Like many things in the financial world, the price of gold is complicated and it’s driven by multiple factors. Many folks want to simplify gold and they will say that the price has everything to do with the value of the US dollar. This outlook is a bit short-sighted, though.
The price of gold is dependent upon the dollar, but it also depends upon a host of other factors. In fact, supply and demand are probably just as important in setting the median price of gold in the United States and around the world, especially in today’s markets.
In order to fully understand gold prices and its sliding scale, one must grasp all of the factors that make an impact.
The value of the US dollar
You have to start with the value of the dollar, as this does help to set the price of gold to some extent. As many people know, gold is used to back up the money made in US mints. All around the country, federal mints and banks alike use gold as insurance for the money they print and contain.
What this means is that any major deflation in the value of the dollar will have an impact on gold. When the dollar is strong, gold has a tendency to skyrocket. It does not plummet nearly as much as some other investments when the US dollar value is low, however.
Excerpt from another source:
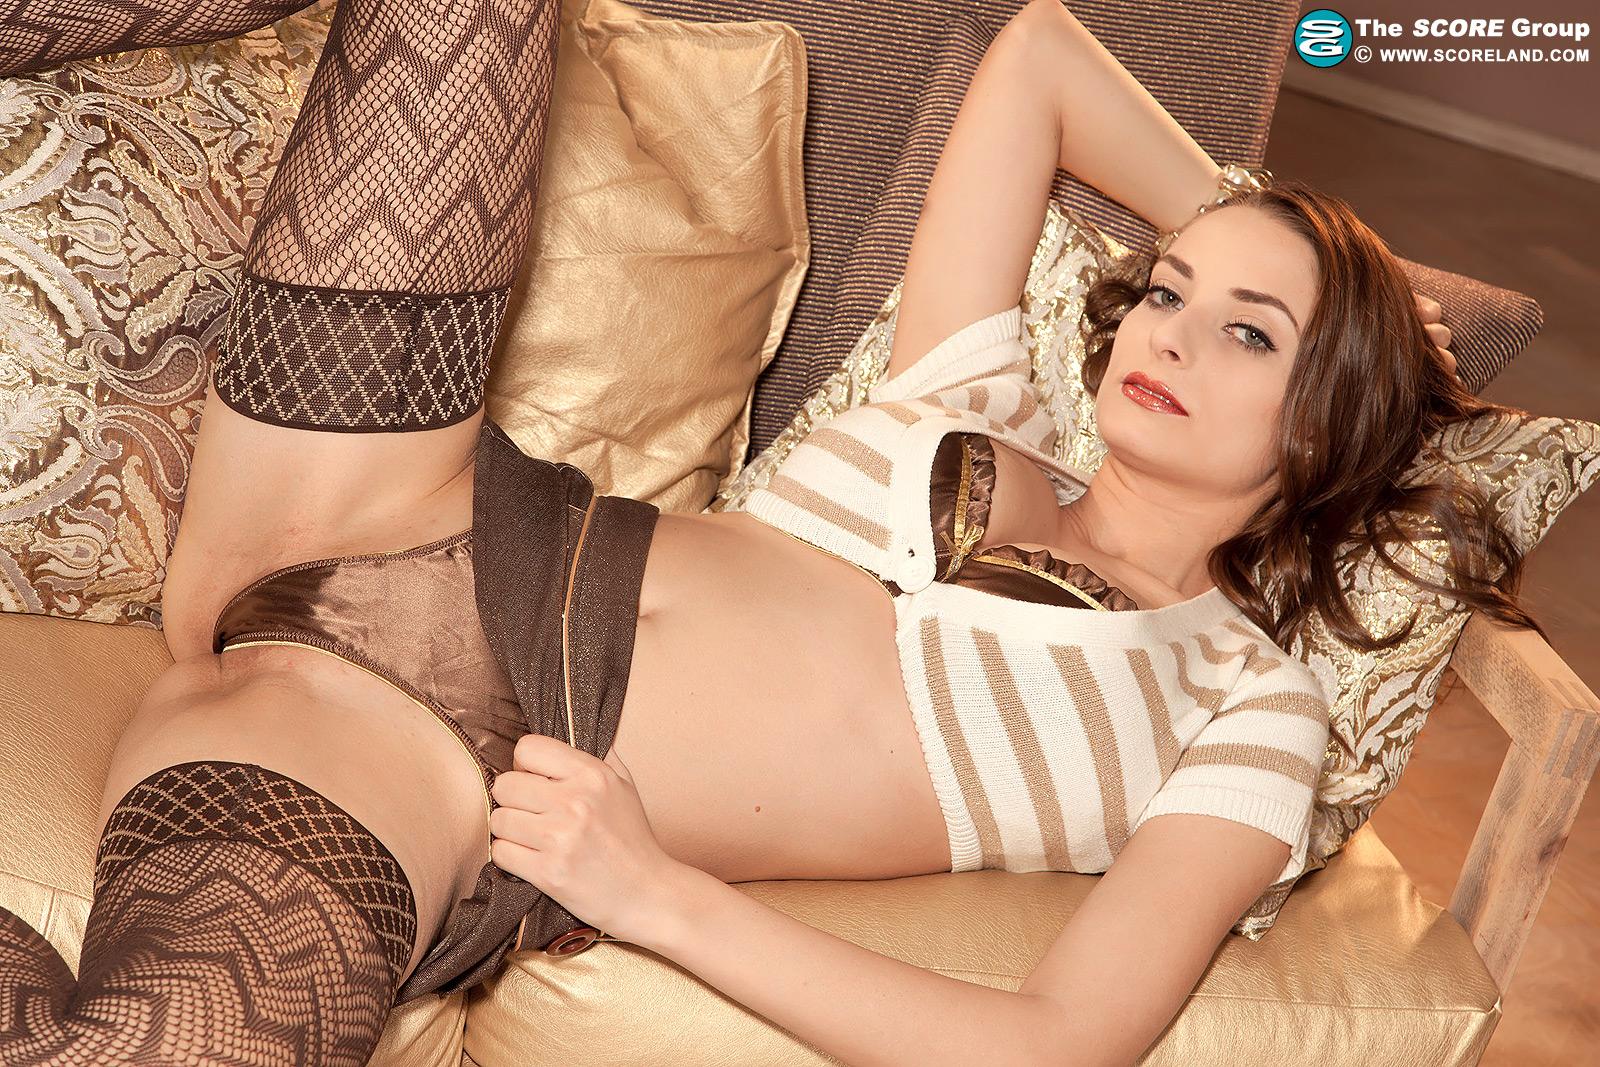 Estelle taylor xxx

The principles of supply and demand
When looking at just about anything in the financial world, you have to consider supply and demand first and foremost. Looking beyond just the value of the US dollar, we can see how global demand for gold pushed the price through the roof in the early part of this century.
There are more than 155,000 tons of gold in the world right now and current consumption rates tell us that we only have a supply left to last just under 40 more years. Like with the oil situation, this pushes up the demand for gold now and when demand outpaces supply, the price of anything is going to rise.
What is shaping the demand curve for gold? Jewelry obviously plays a role in this, but there are other uses for gold that are similarly demanding. When talking about manufacturing and the like, gold plays a major role for many companies. That is a huge source, as well as the investment gold rush that has taken place over the last few years. With more people than every using gold for more reasons than ever, it figures that the price would continue to rise.
Outside factors
When looking at just what impacts the price of gold, you would be remiss if you didn’t mention some of the outside factors that have been known to shape the price curve.
When war takes place or there is some sort of international crisis, this can push the price of gold either higher or lower. Some struggles abroad will heighten concerns over gold’s availability, which serve to push the price higher. Other incidents hurt the US dollar a great deal and this can have the opposite effect on the price of gold.
There is no set standard for which way the price will move, since there are so many different moving parts involved in looking at this.
Things that fall into this category of outside influence recently have been the continued threat of nuclear war from Iran, the rising price of oil in the middle east, and scare with the US economy.
Long term scarcity
The fact that gold should continue to become more scarce as the years go on means that it will naturally rise in price over the years. As the supply lessens and more people want to consume gold for jewelry and the like, there will be greater demand. This is a long term trend that people need to consider when purchasing gold — even cheap gold — at this point in time.
Overall, understanding the price of gold and gold coins requires you to look at many different things and take account of a host of environmental factors, especially before you try to buy gold.
Gold does not operate in a vacuum and just about everything that happens in the world can have a direct or indirect impact on its price and value.